A complete answer retypes each of the records below precisely and includes none of the pictures.

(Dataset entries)
════
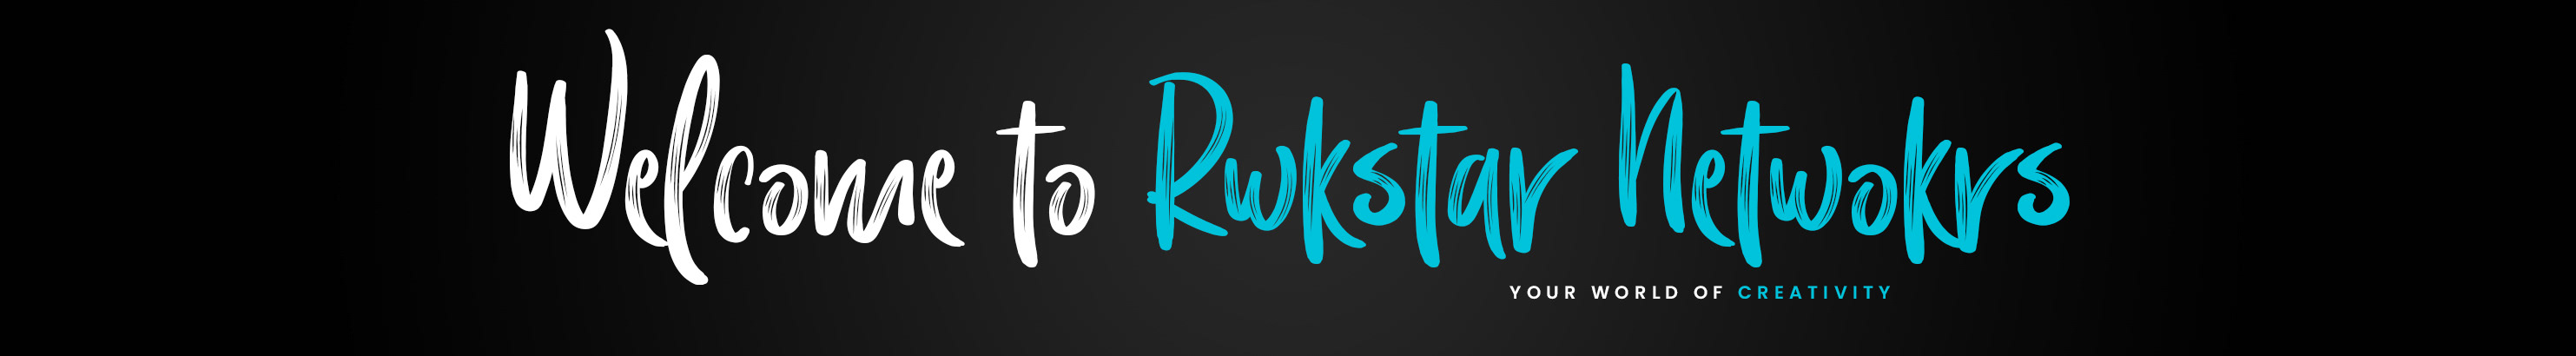 Баннер профиля Rwkstar Networks
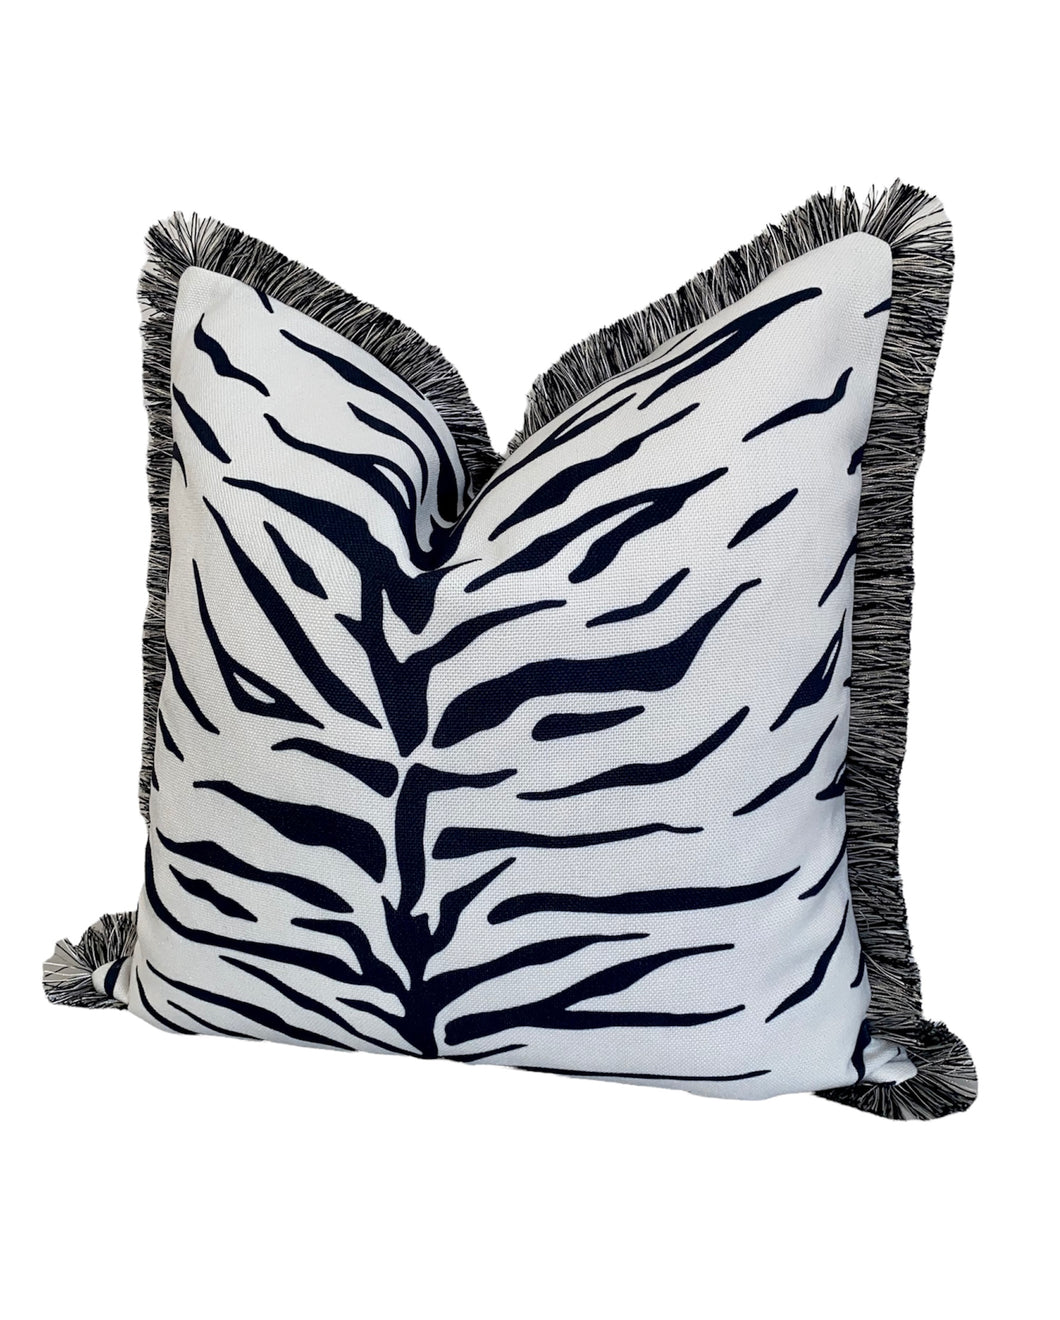 White Tiger Cushion SKU 34679007 | Pillow Animal Print Black & White Monochrome Fringe
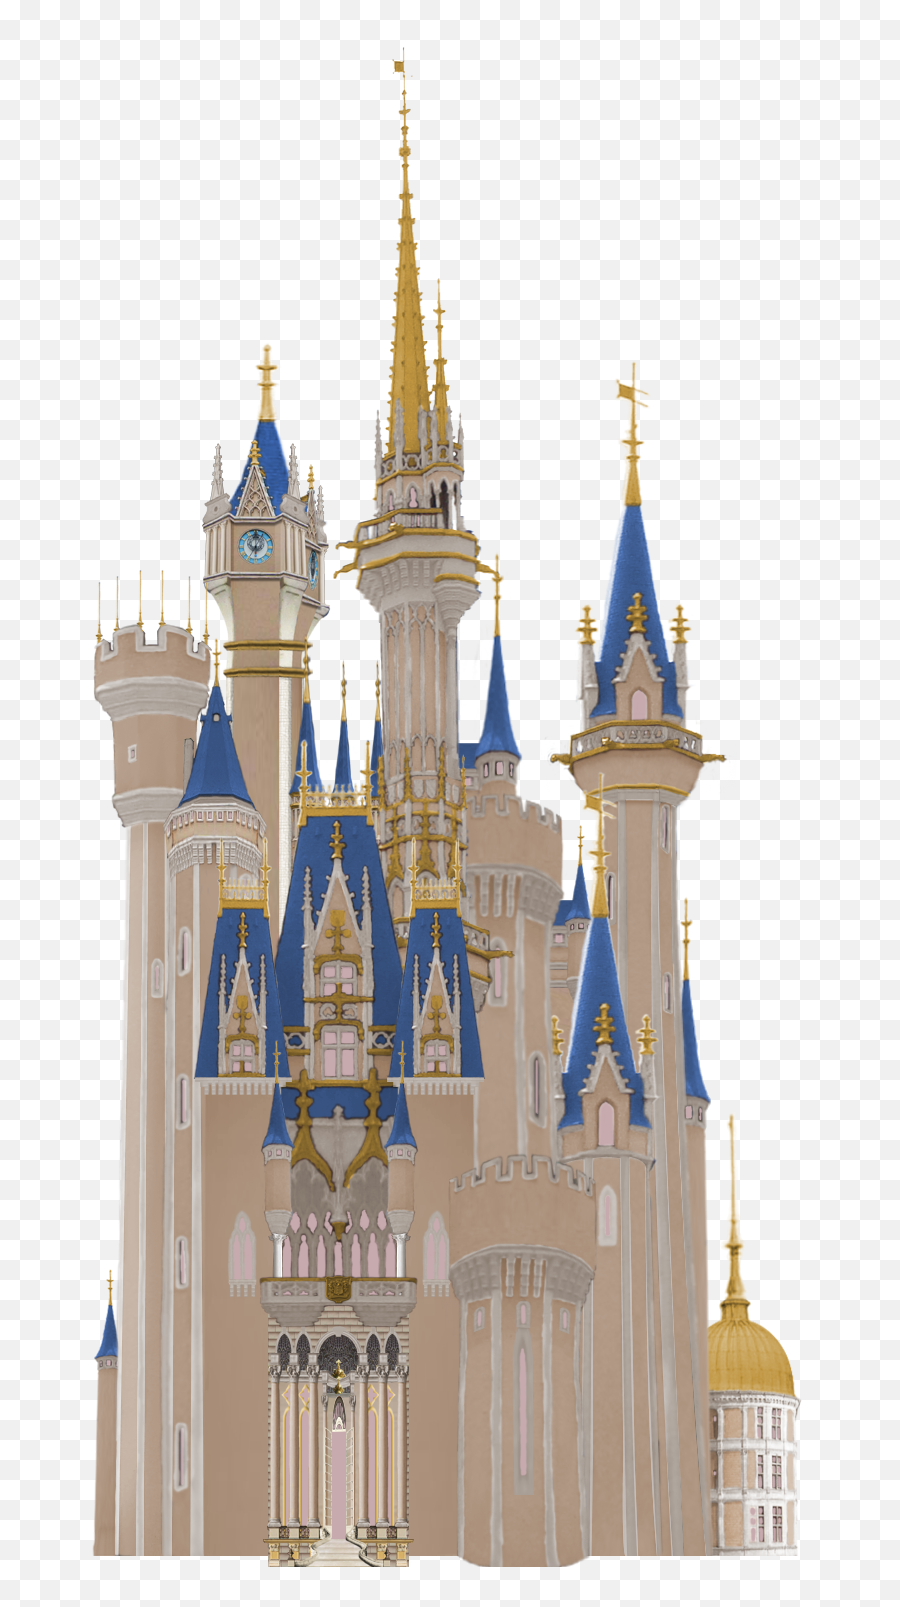 Kingdom Hearts Cinderella Castle - Kingdom Hearts Disney Castle Png,Disney Castle Transparent Background
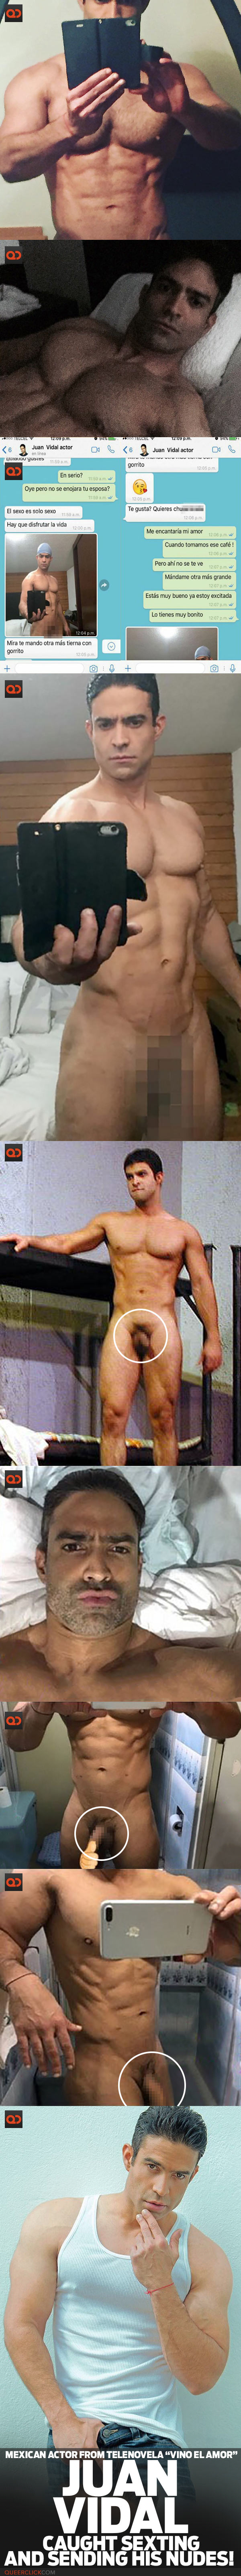 Juan Vidal, Mexican Actor From Telenovela “Vino El Amor”, Caught Sexting And Sending His Nudes!
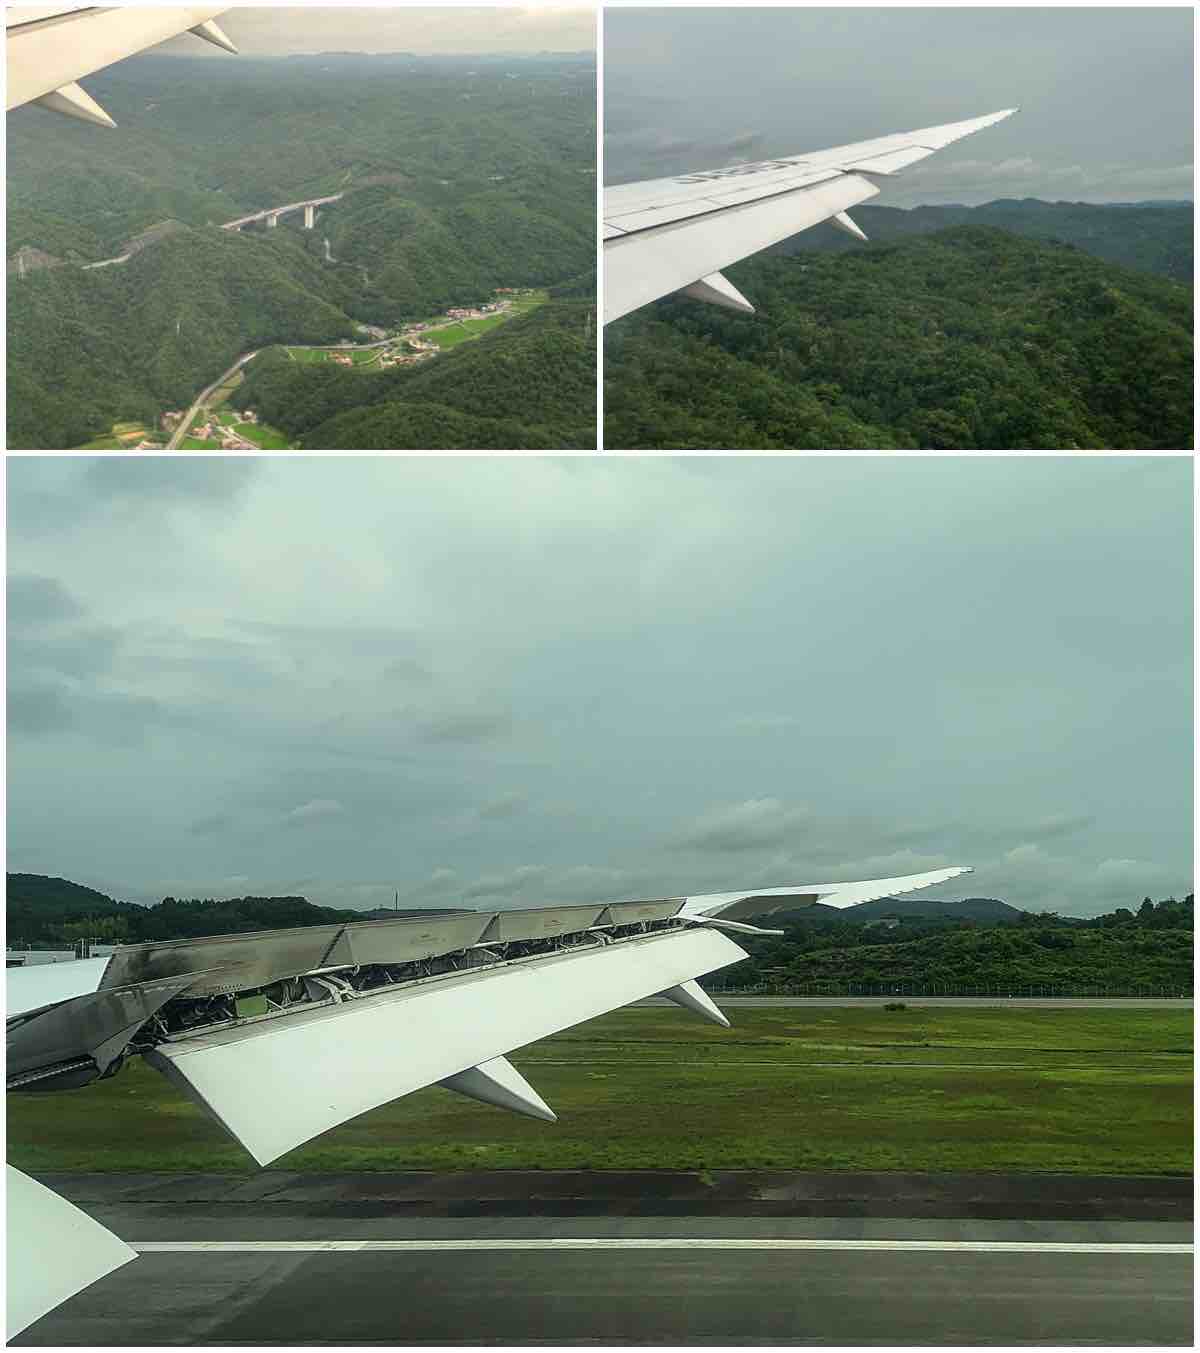 ANA 787-8 landing in Hiroshima
════
_Answer to this exercise_
 Баннер профиля Rwkstar Networks
 White Tiger Cushion SKU 34679007 | Pillow Animal Print Black & White Monochrome Fringe
 Kingdom Hearts Cinderella Castle - Kingdom Hearts Disney Castle Png,Disney Castle Transparent Background
 Juan Vidal, Mexican Actor From Telenovela “Vino El Amor”, Caught Sexting And Sending His Nudes!
 ANA 787-8 landing in Hiroshima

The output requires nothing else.